With 1.4 million Instagram followers and enough readers to become a New York Times bestseller, Vuolo now represents the most prominent voice speaking out about Gothard—who resigned from IBLP nine years ago this week over allegations of sexual harassment from dozens of women.
“I started to realize just how much damage he had left behind,” she told CT in an interview. “I think I denied a lot of that when I was in the system when he first was accused, but when I started getting into all that had transpired since I came out of it, it was so heartbreaking. It gave me more fuel to want to write this book. This has to be said; I have to speak up because it’s not just for me, but it’s also for the victims.”

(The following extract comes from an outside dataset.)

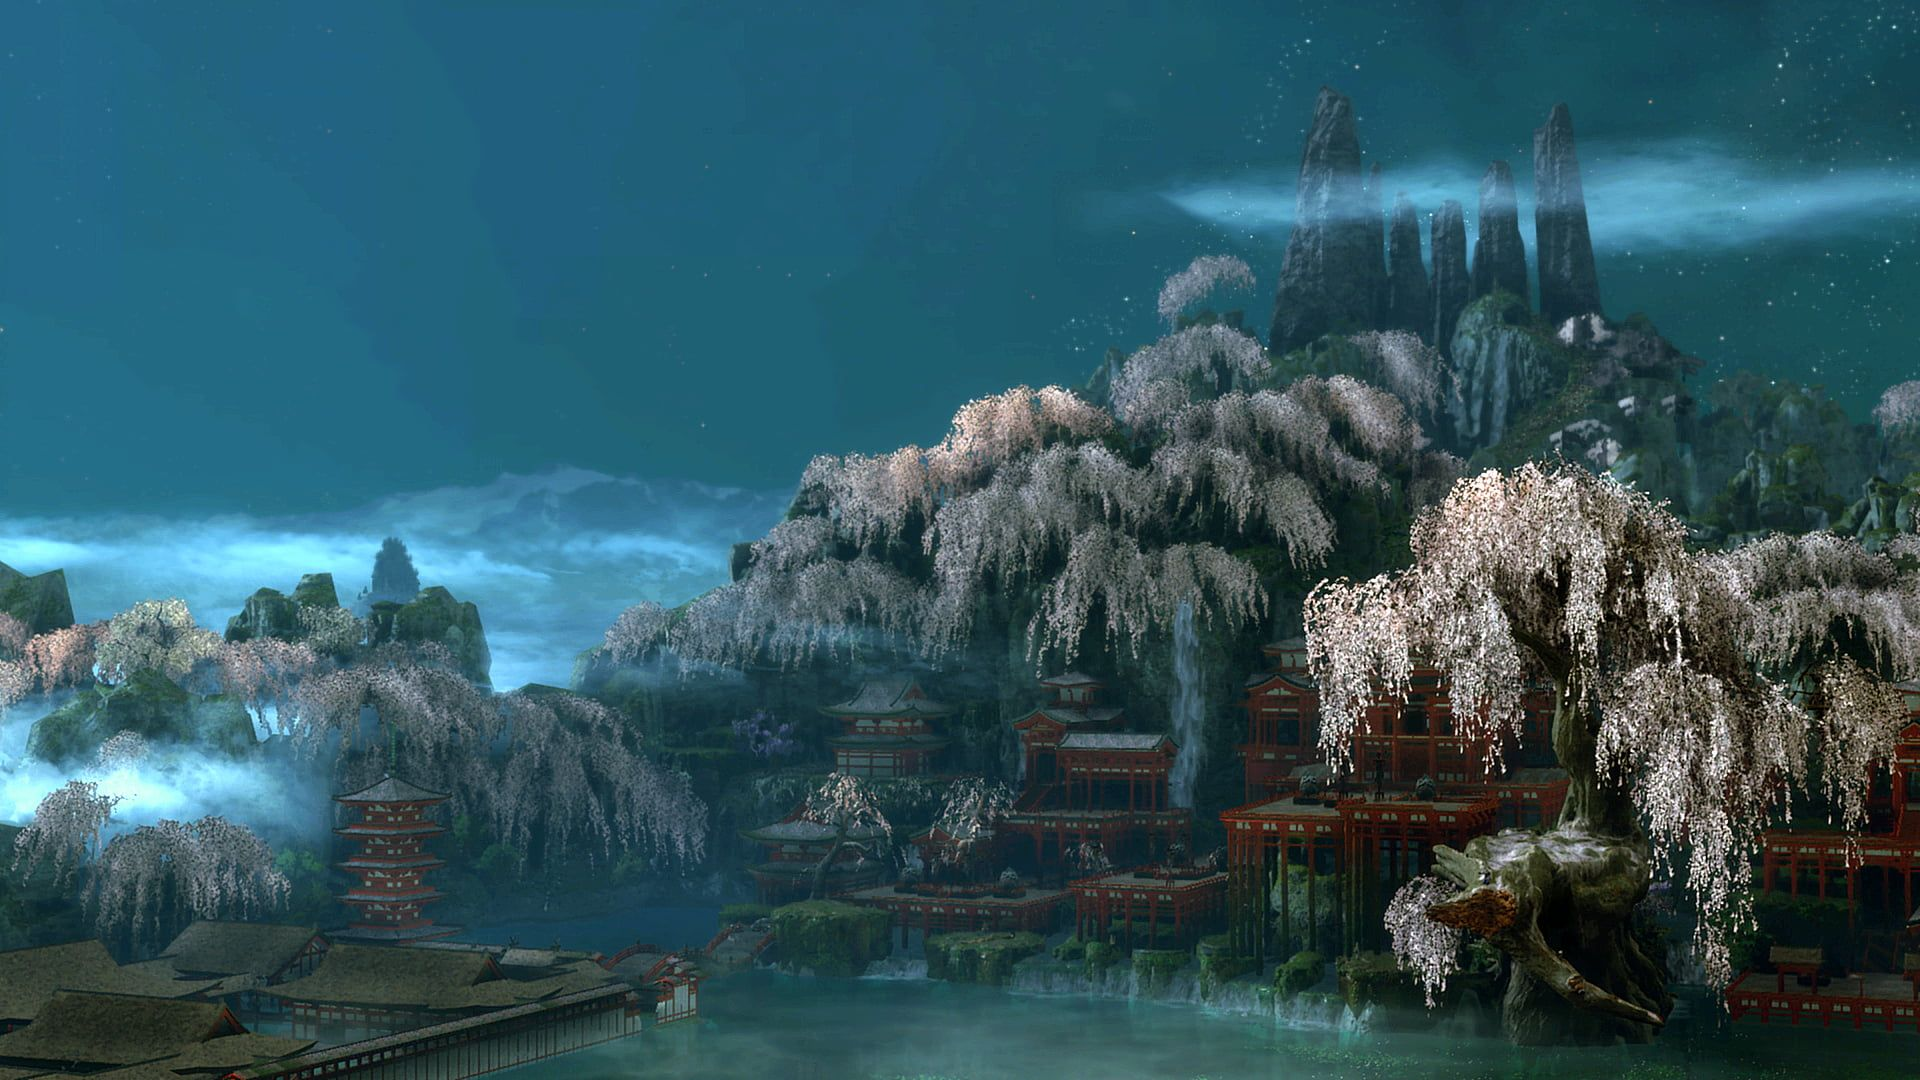 Sekiro Shadows Die Twice Screen Shot Video Game Art Cherry Blossom Pagoda Japan Water Mountains Night Sky Landscape Video Game Art Game Art Hd Wallpaper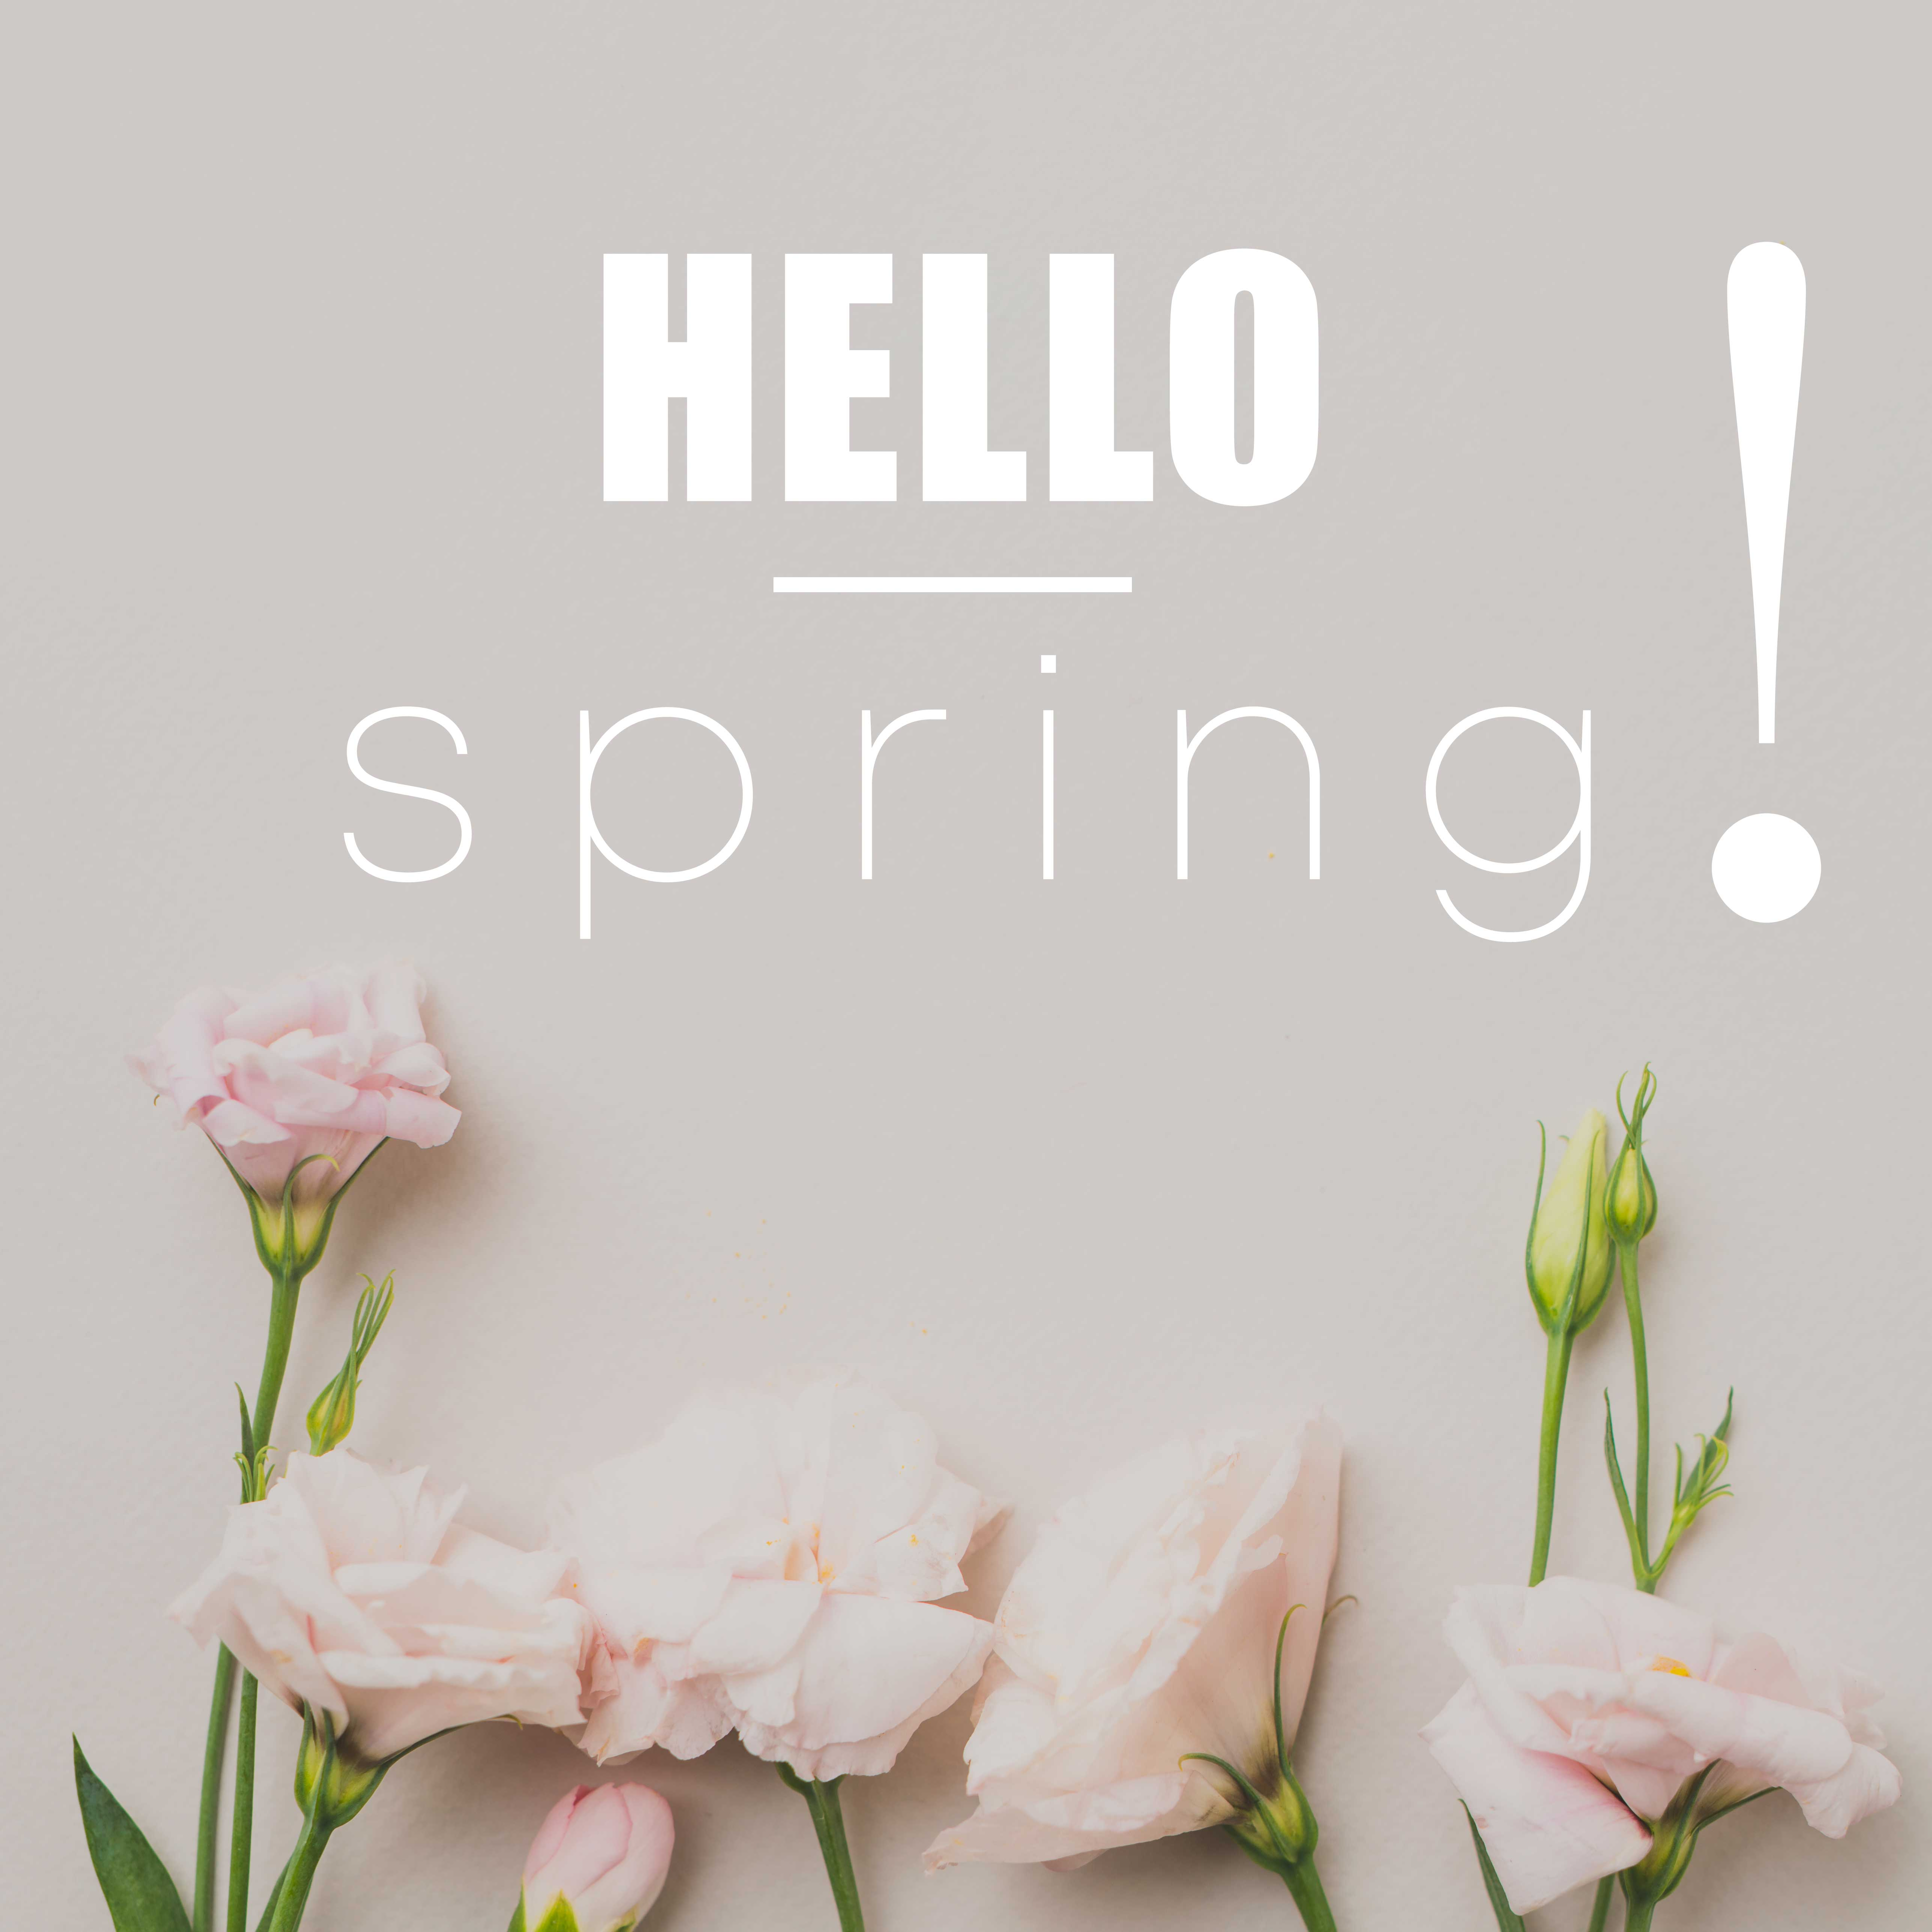 Весна, привет!

According to IBLP, Gothard taught more than 2.5 million seminar attendees over decades of ministry, many of them conservative Christian homeschooling families like the Duggars who gathered for annual conferences in suburban Chicago and at its headquarters in Big Sandy, Texas.
Former IBLP members and women who say they were groomed by Gothard have spoken out about his organization and theology for years; more than a dozen filed a lawsuit that was dropped in 2018. Gothard said handholding, hugs, and touching young women’s feet and hair crossed boundaries but were never done with sexual intent. He has maintained his innocence and called the women’s claims a conspiracy against him; Vuolo concluded that “their testimonies are too consistent to deny.”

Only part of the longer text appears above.